The prospect immediately understood why this mattered—they'd been burned by file upload failures in their current system.

They Show How You Handle Pressure

How you respond to demo failures reveals more about your company culture than any slide deck about "our values."

Do you blame the intern? Make excuses about the demo environment? Frantically try to fix it while everyone watches?

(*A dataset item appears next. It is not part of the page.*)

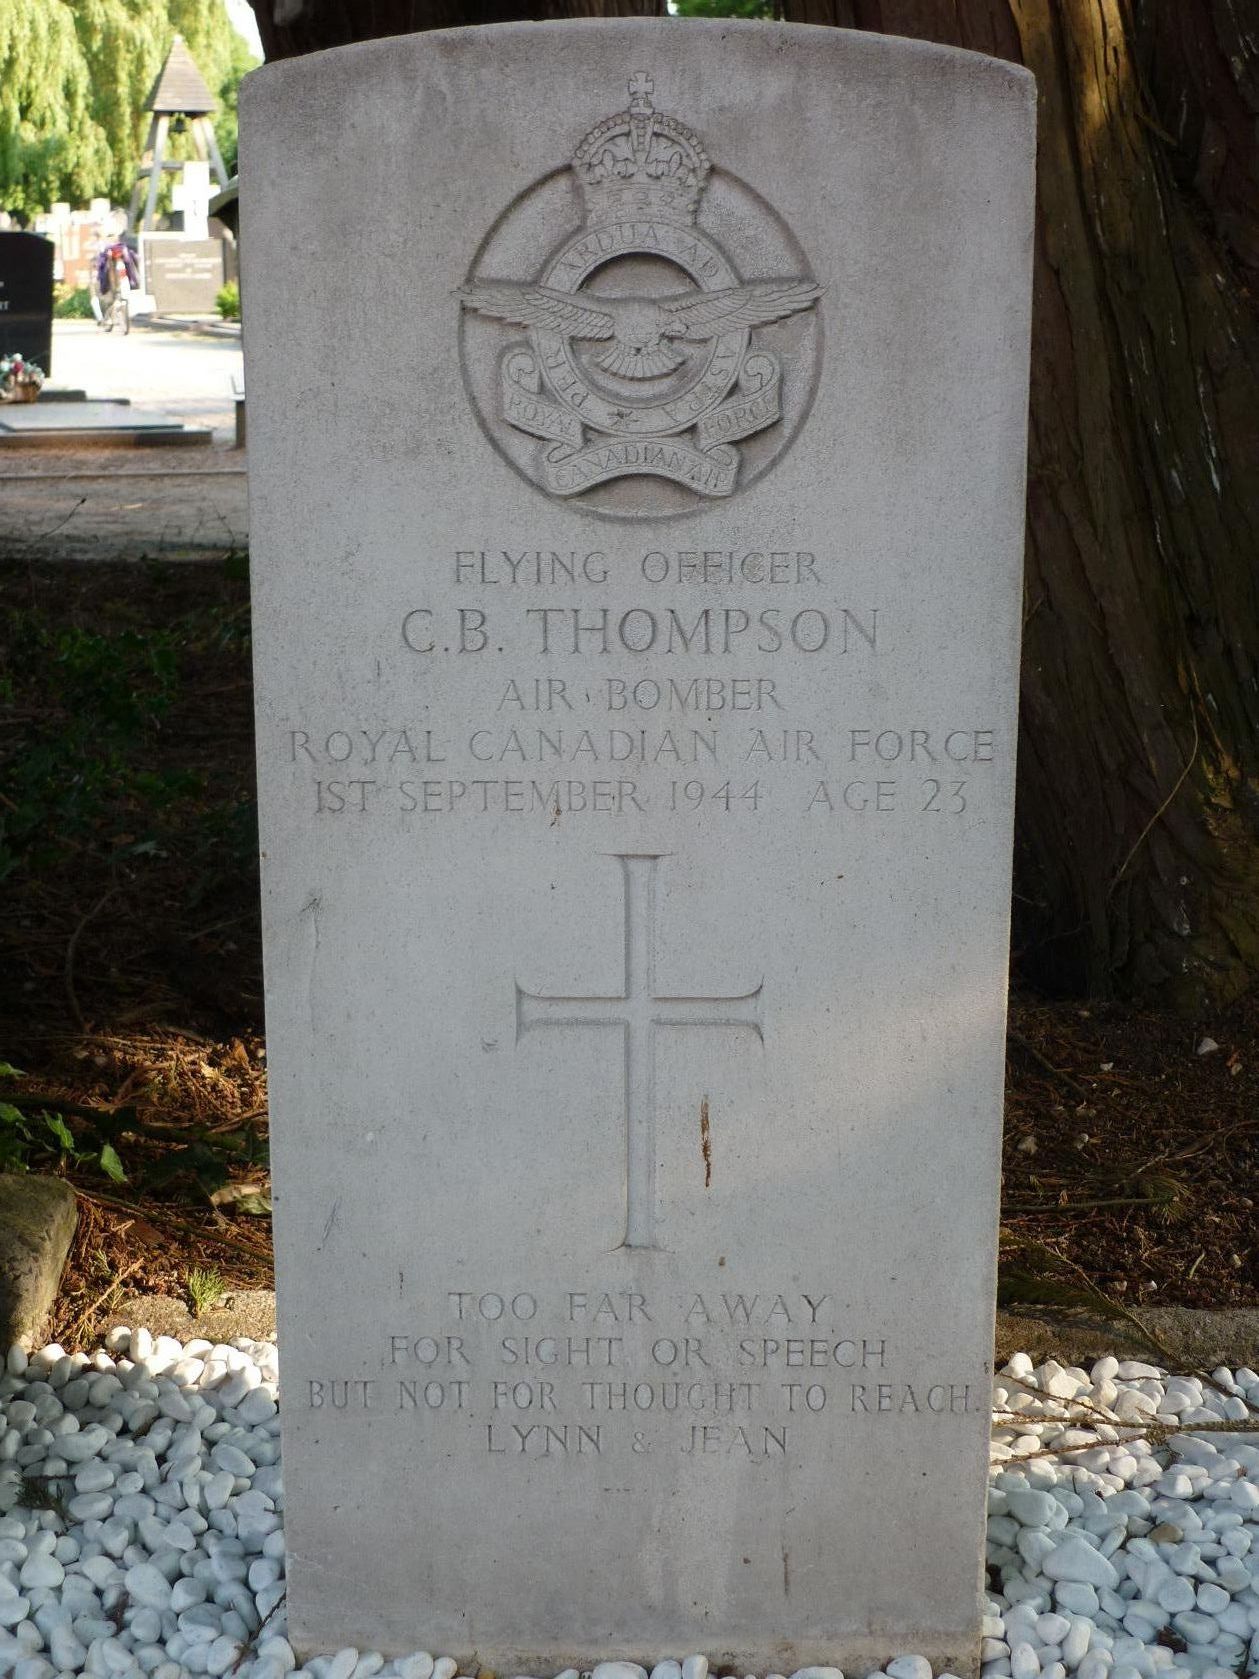 C. Thompson (Grave)

Or do you calmly explain what's happening, acknowledge the issue, and turn it into a discussion about how these problems get resolved in production?

The latter approach builds trust. It shows that you understand software is complex, failures happen, and what matters is how you handle them.

They Create Authentic Moments

Perfect demos feel like theater. Broken demos feel like real life.

When something goes wrong during a demo, the room changes. People lean forward instead of sitting back. They start asking questions about their actual pain points instead of politely listening to your feature tour.

These authentic moments often lead to the most productive conversations about whether your product actually solves their problems.

The Demo Environment Dilemma

There's an ongoing debate in the software world about demo environments. Should you use:

Pristine Demo Data: Perfect examples that show your features in the best light, but don't reflect real-world messiness.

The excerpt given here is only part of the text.